**TO DO**
An exact transcription of each entry below is required, without any pictures.
● ● ● ●
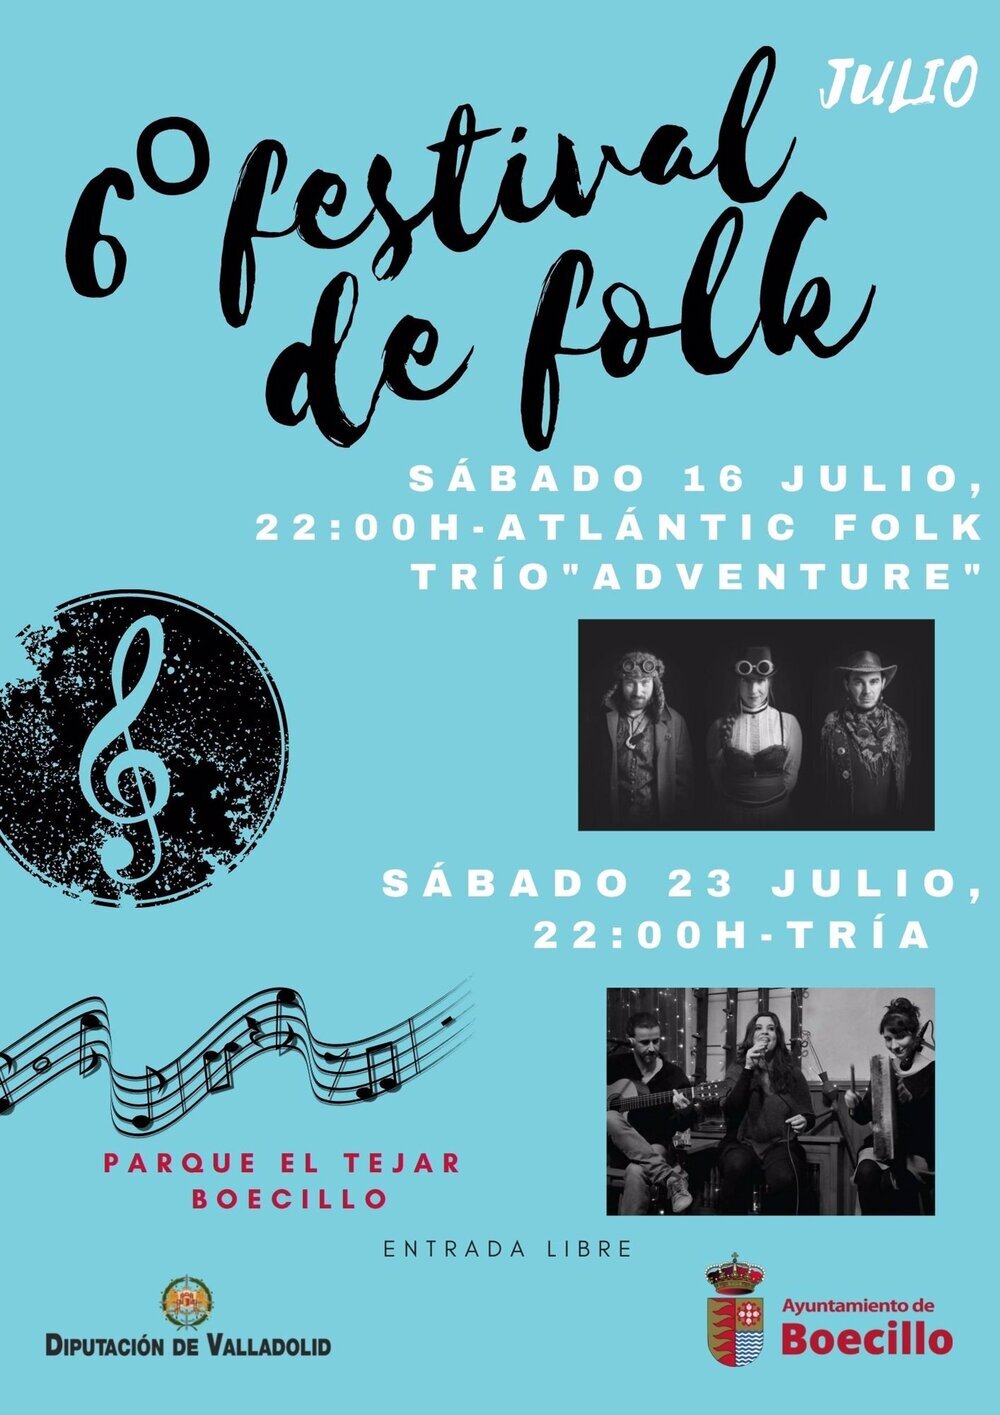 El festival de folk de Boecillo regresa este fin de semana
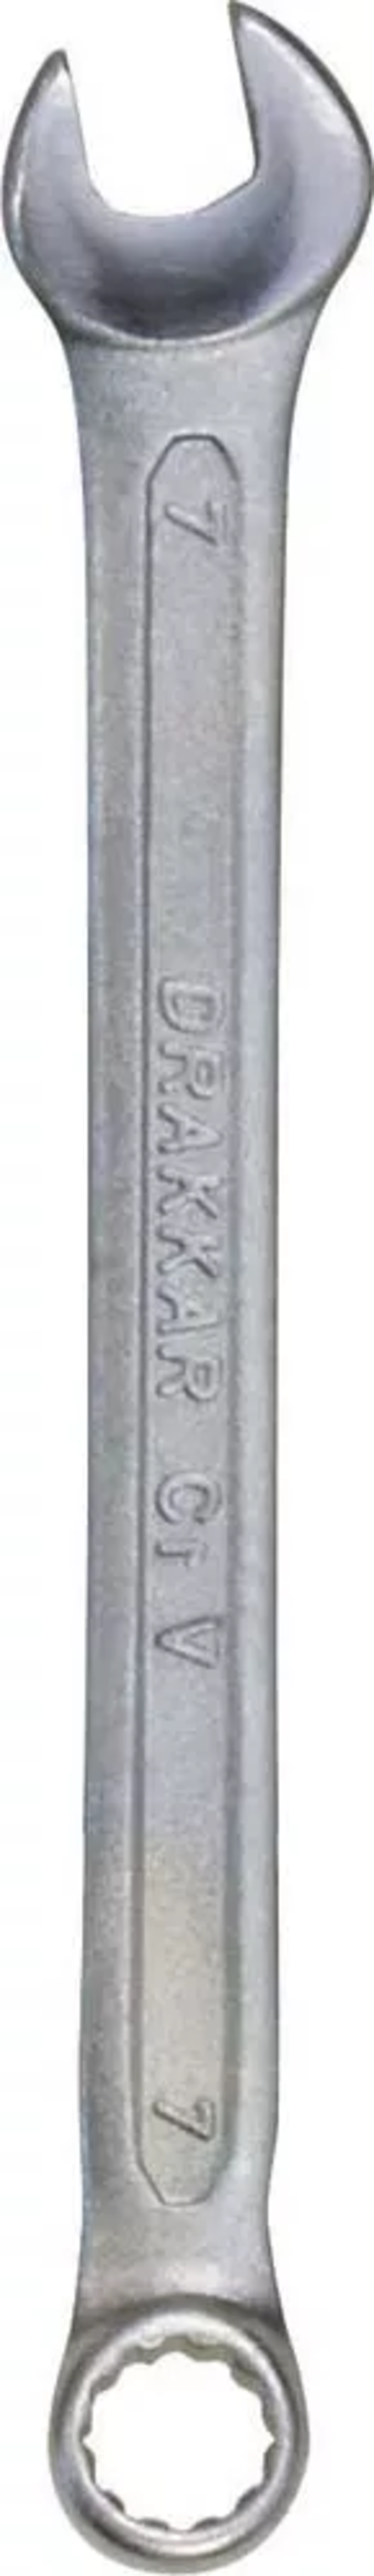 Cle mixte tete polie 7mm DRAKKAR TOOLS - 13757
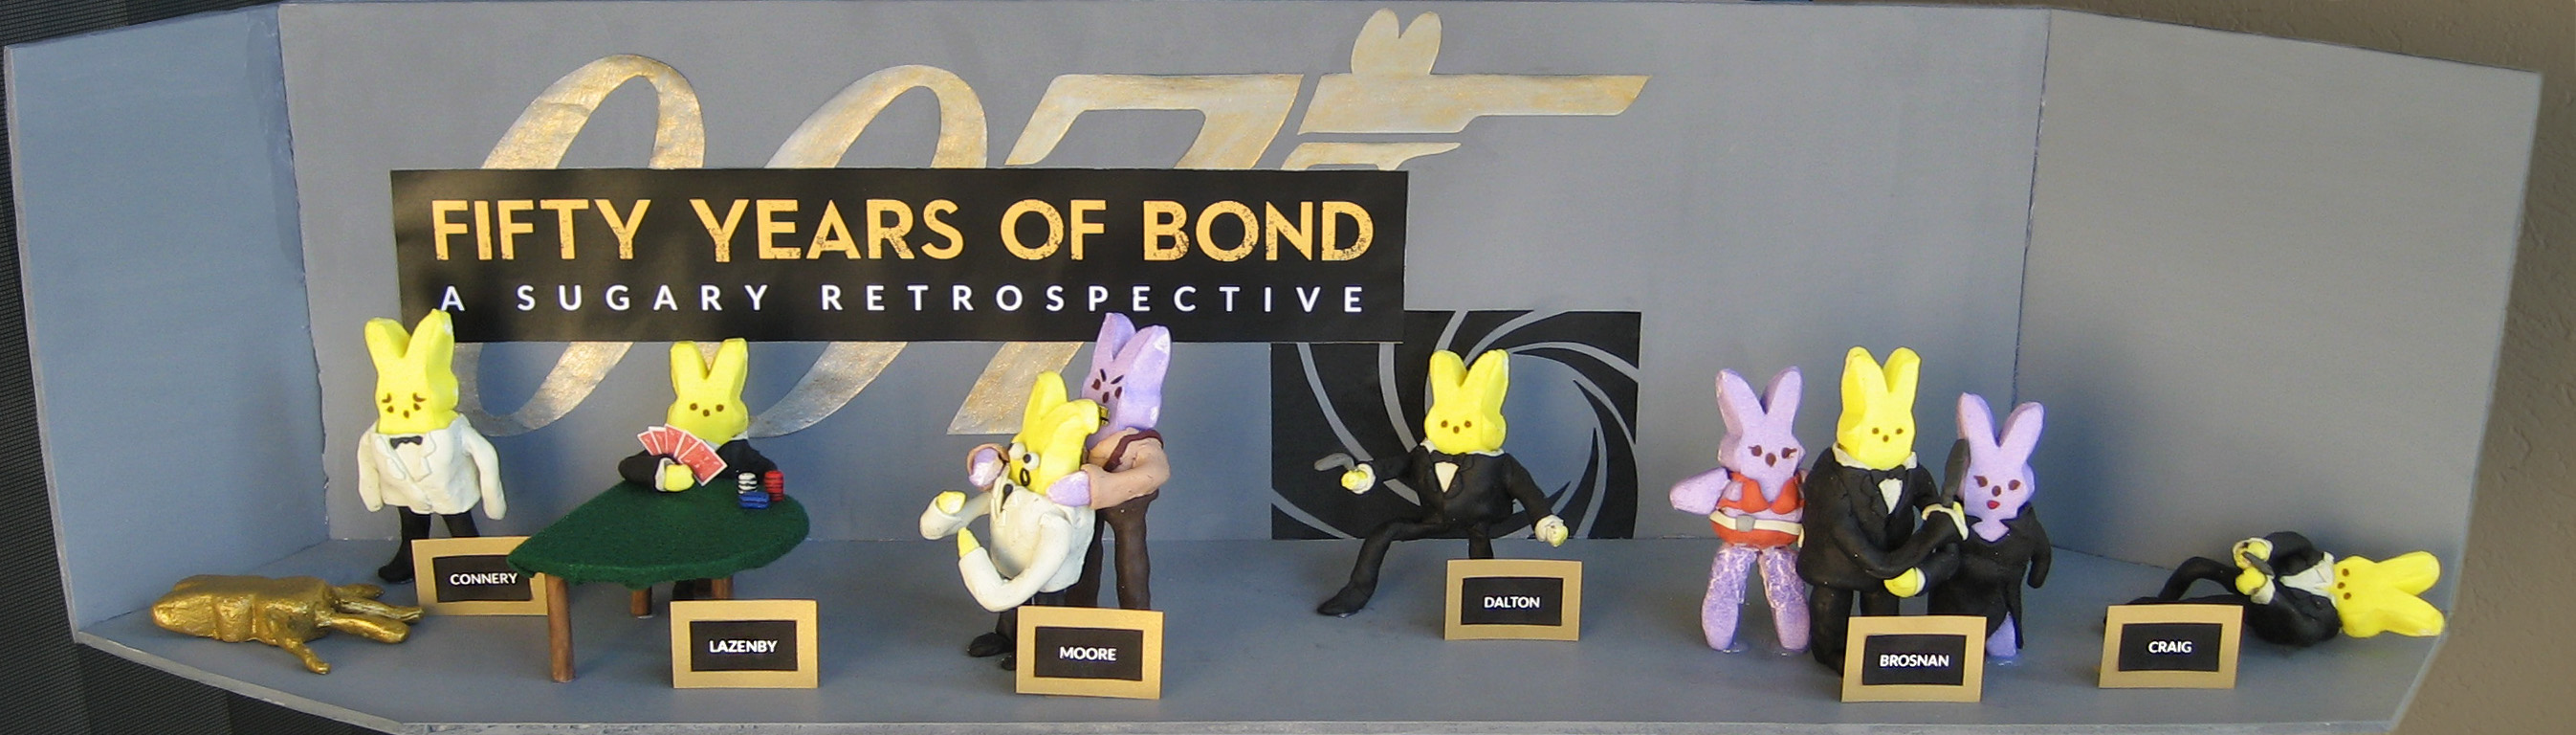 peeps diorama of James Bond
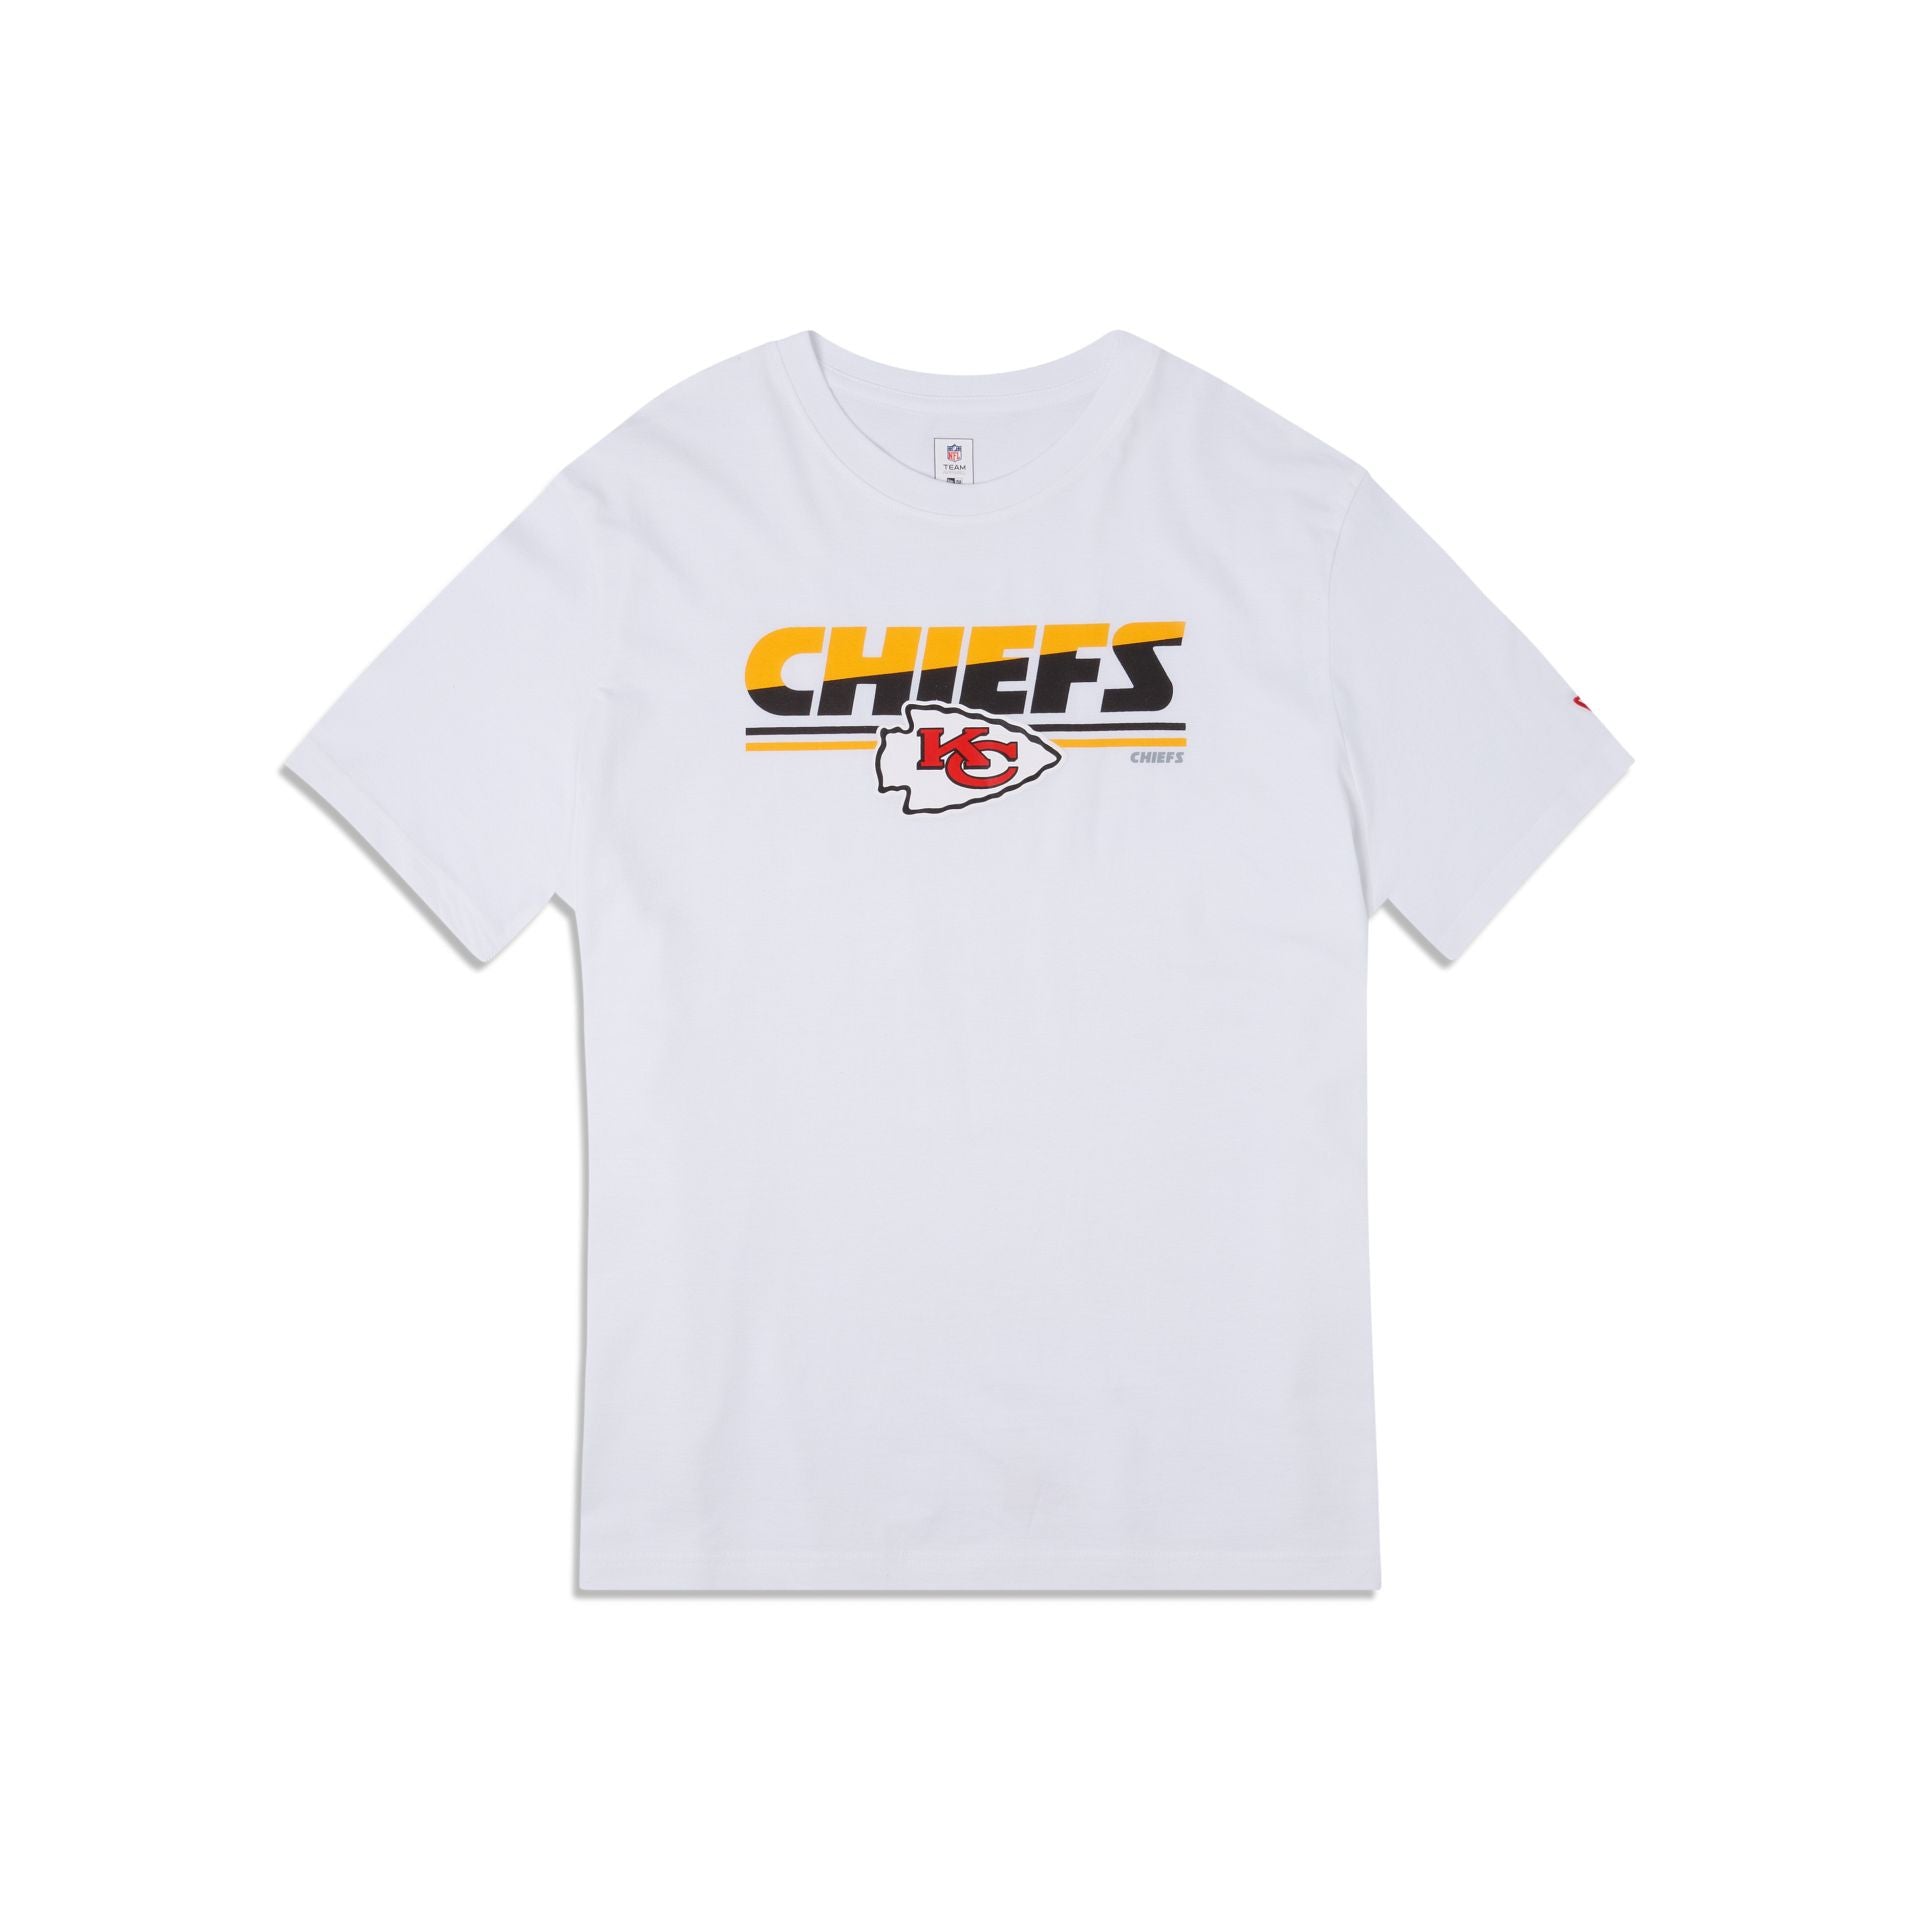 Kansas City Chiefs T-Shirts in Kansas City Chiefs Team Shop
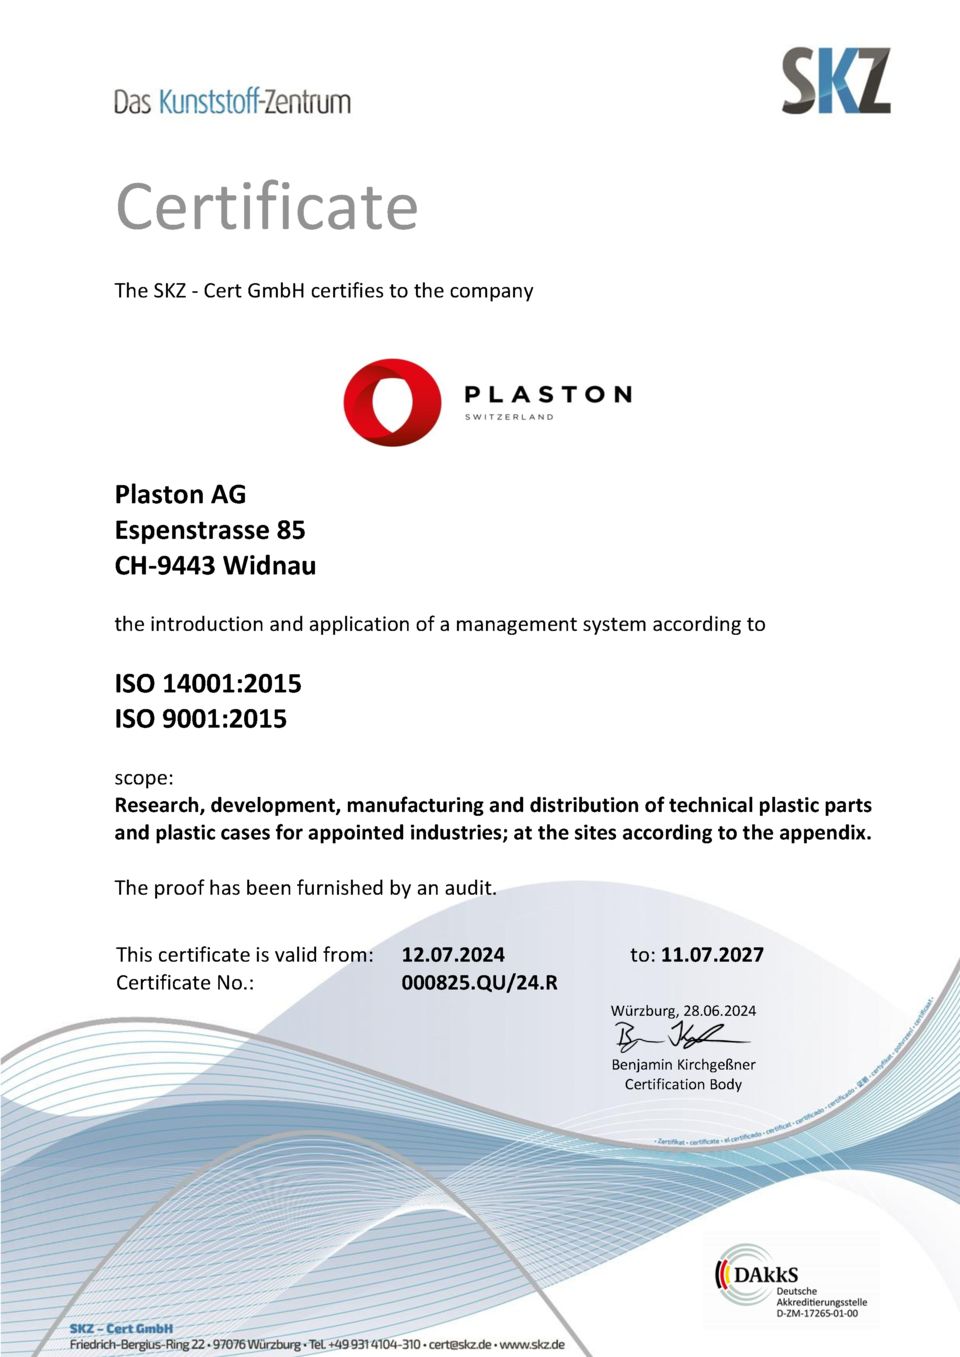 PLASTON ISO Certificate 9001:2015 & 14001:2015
● ● ● ●
**TASK RESPONSE**
 El festival de folk de Boecillo regresa este fin de semana
 Cle mixte tete polie 7mm DRAKKAR TOOLS - 13757
 peeps diorama of James Bond
 Kansas City Chiefs T-Shirts in Kansas City Chiefs Team Shop
 PLASTON ISO Certificate 9001:2015 & 14001:2015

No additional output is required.